A hopelessly romantic view of Tibetan peasant life is offered in this 1994 black and white documentary by William Bacon, but its saving grace it that its focus is – for once – not on the religious and cultural life of Tibet, which has got so much coverage elsewhere but on the ordinary day-to-day life of the people, who are trying to eke out a living on the plateau, and the challenges they face from imposed Chinese development, which, even in those days was destructive of the land and resources of the country.
Since then, of course, development has moved on apace, and now, with the influx of Han Chinese into the country there is simply no way that the country can ever be the same again, so like the earlier documentary I showed in January (The Lost World of Tibet), which focused on the period from 1930s – 1950s, we are again seeing in this documentary a way of life that has virtually passed away – but one so much closer to our own times that it gets almost uncomfortable.
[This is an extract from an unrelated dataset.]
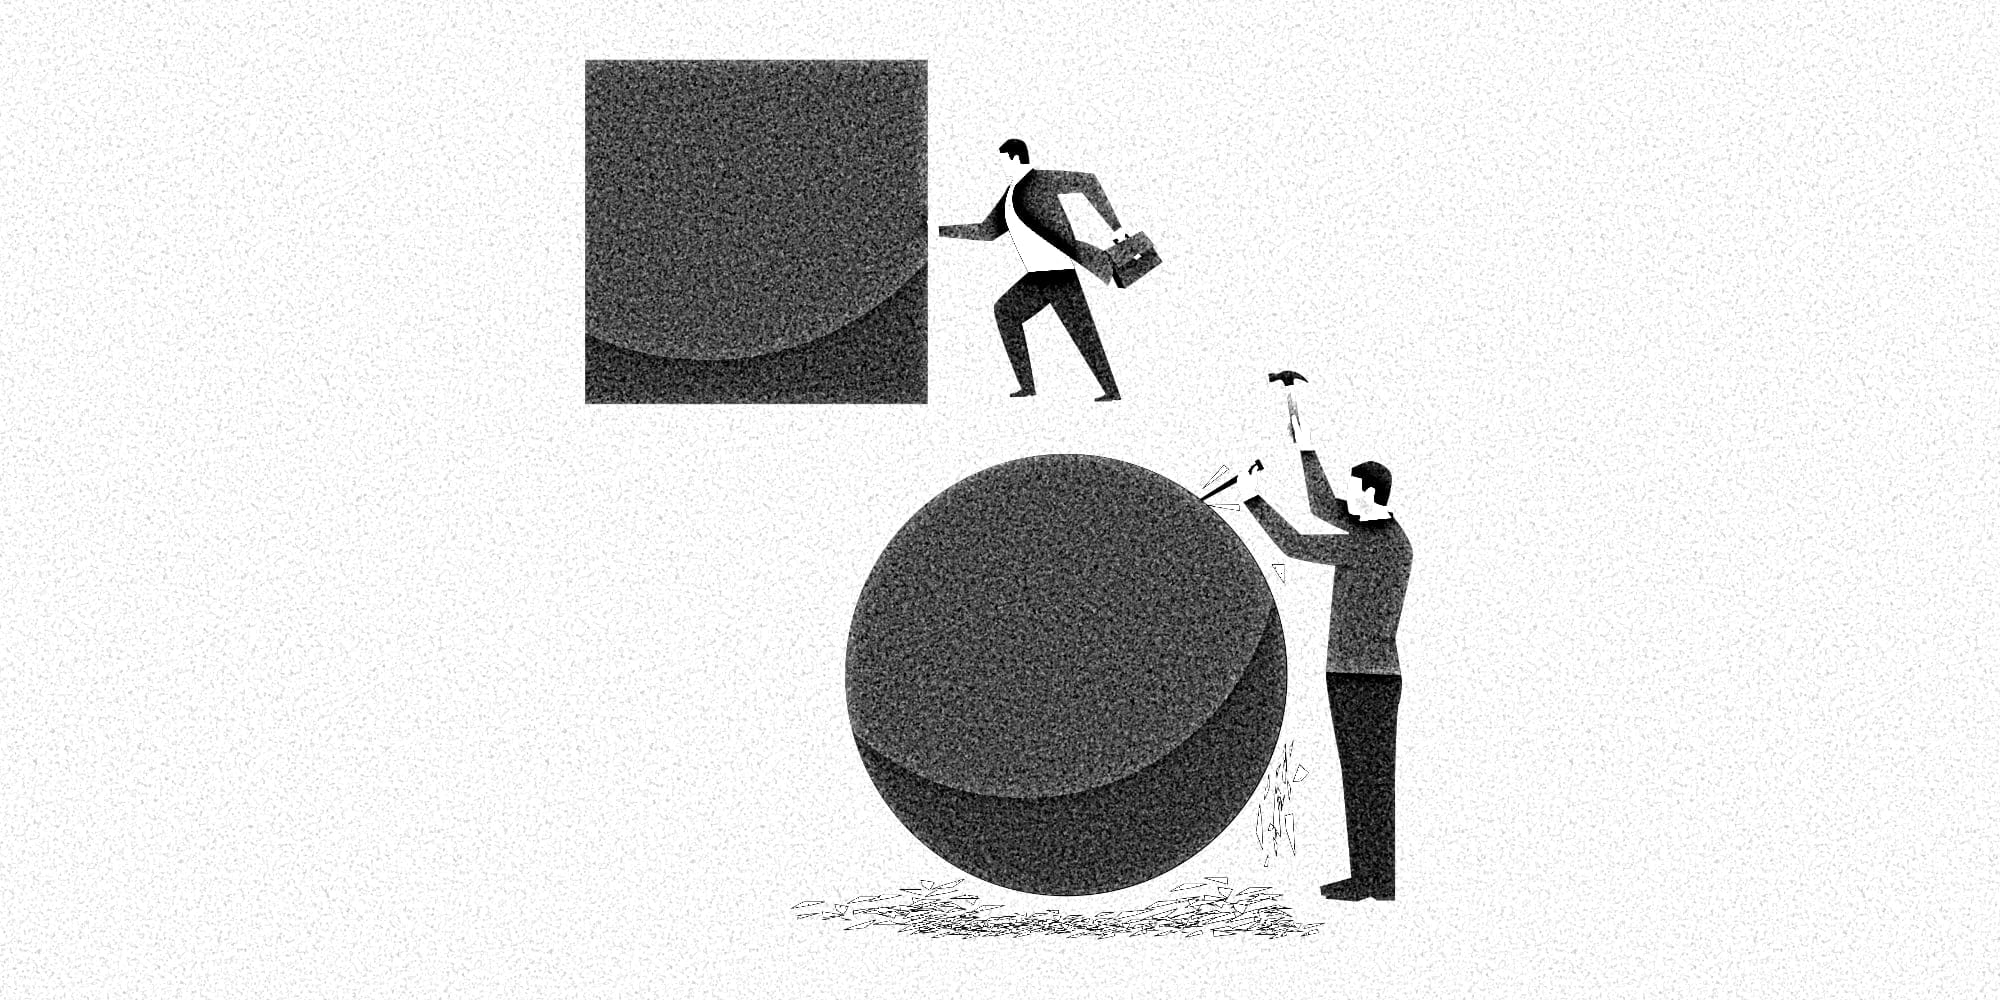 Grafische Darstellung eines Menschen, der ein großes Quadrat vor sich her schiebt, während ein zweiter Mensch das Quadrat zu einer Kugel formt, ehe er losläuft.

The film ends with the Dalai Lama’s hopes expressed in his talk in Hawaii:
It is my dream that the entire Tibetan plateau should become a free refuge, where humanity and nature can live in peace and in harmonious balance. It would be a place where people from all over the world could come to seek the meaning of peace within themselves, away from the tensions and pressures of much of the rest of the world.
The chances of the Dalai Lama’s dream coming true seem to recede further and further into the misty past.